Publication date: 4 April 2016



Despite their growing popularity among organisations, satisfaction with activity-based work (ABW) environments is found to be below expectations. Research also suggests that workers typically do not switch frequently, or not at all, between different activity settings. Hence, the purpose of this study is to answer two main questions: Is switching behaviour related to satisfaction with ABW environments? Which factors may explain switching behaviour?


Questionnaire data provided by users of ABW environments (n = 3,189) were used to carry out ANOVA and logistic regression analyses.
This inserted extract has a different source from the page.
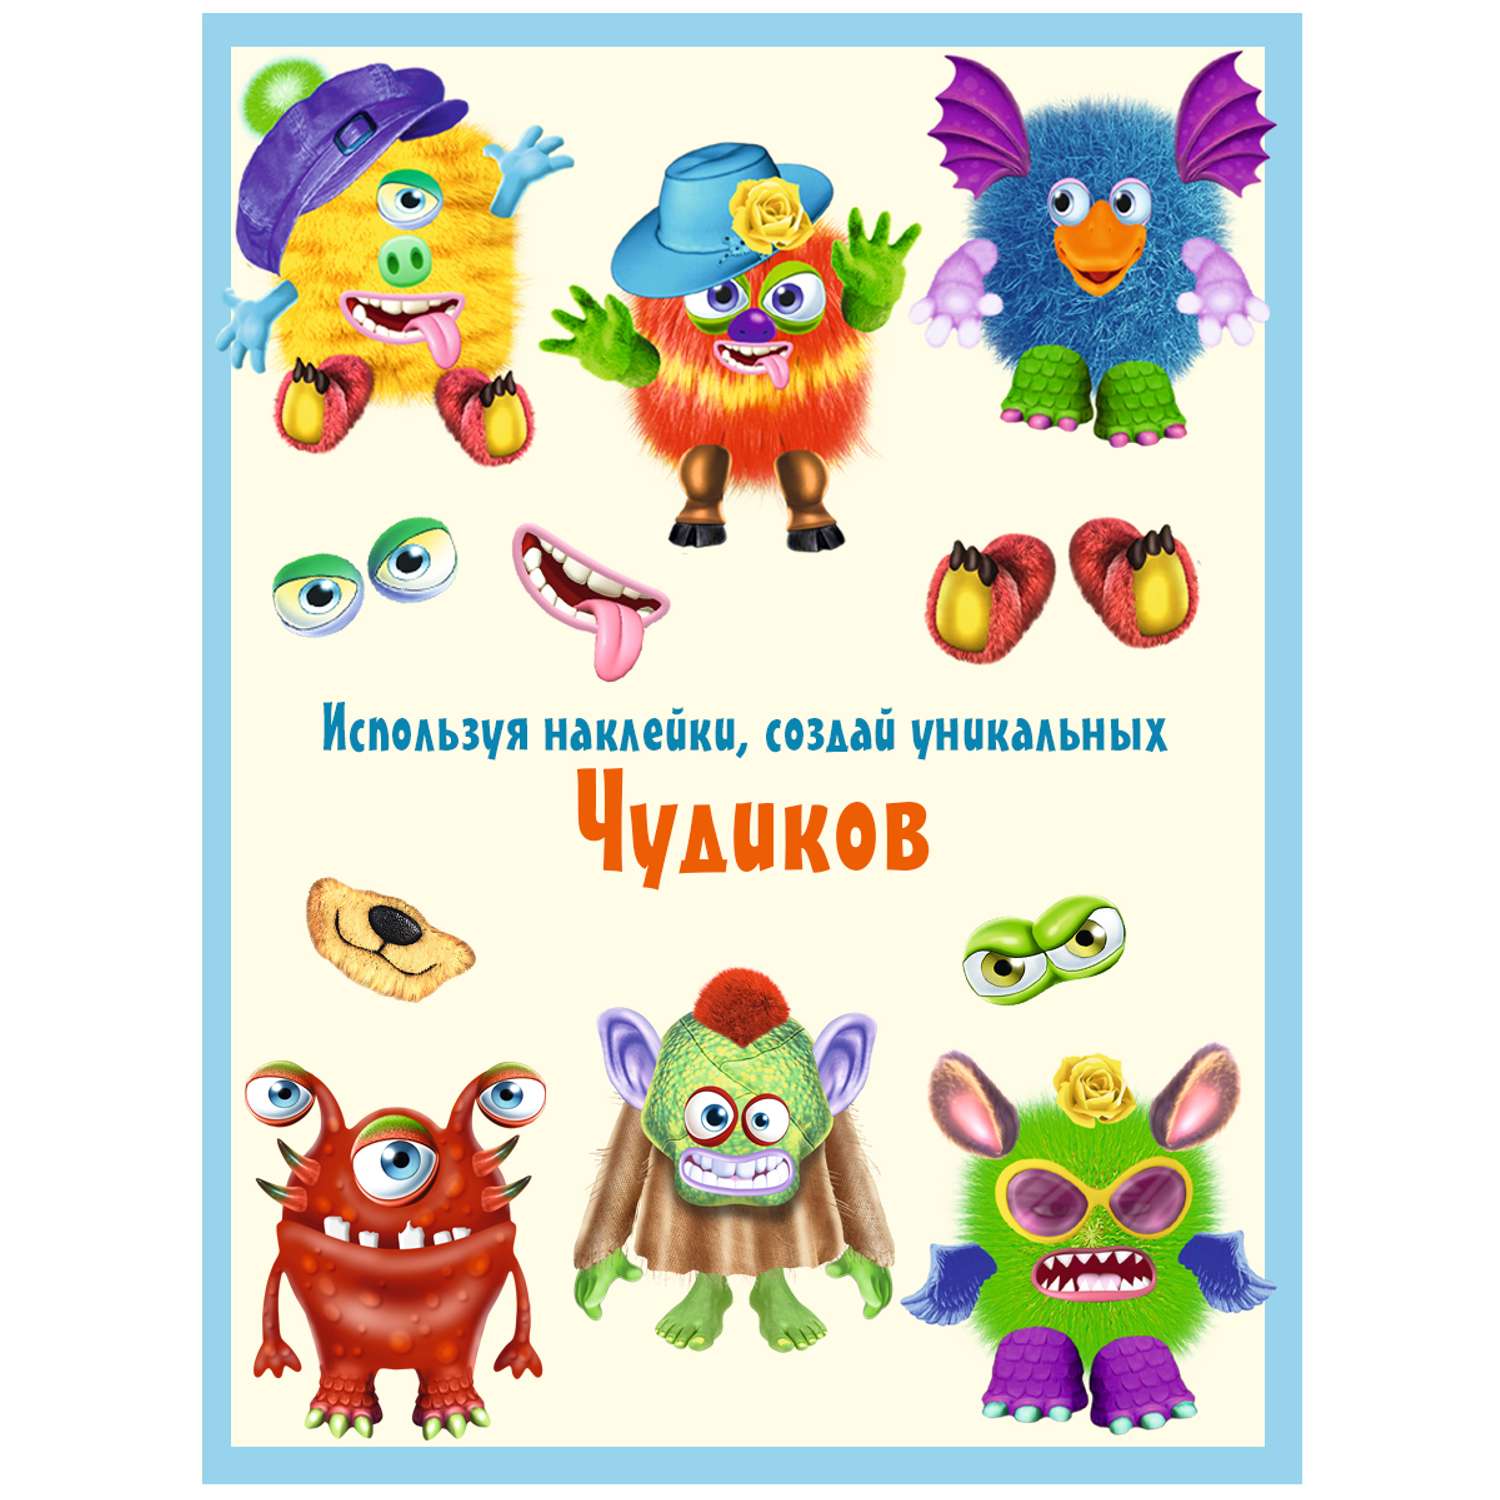 Комплект книг с наклейками Фламинго Книги для детей развивающие Сделай своего чудика из наклеек Набор для творчества - фото 2

Satisfaction ratings of the 4 per cent of the respondents who switched several times a day appeared to be significantly above average. Switching frequency was found to be positively related to heterogeneity of the activity profile, share of communication work and external mobility.

Practical implications

Our findings suggest that satisfaction with ABW environments might be enhanced by stimulating workers to switch more frequently. However, as strong objections against switching were observed and switching frequently does not seem to be compatible with all work patterns, this will presumably not work for everyone. Many workers are likely to be more satisfied if provided with an assigned (multifunctional) workstation.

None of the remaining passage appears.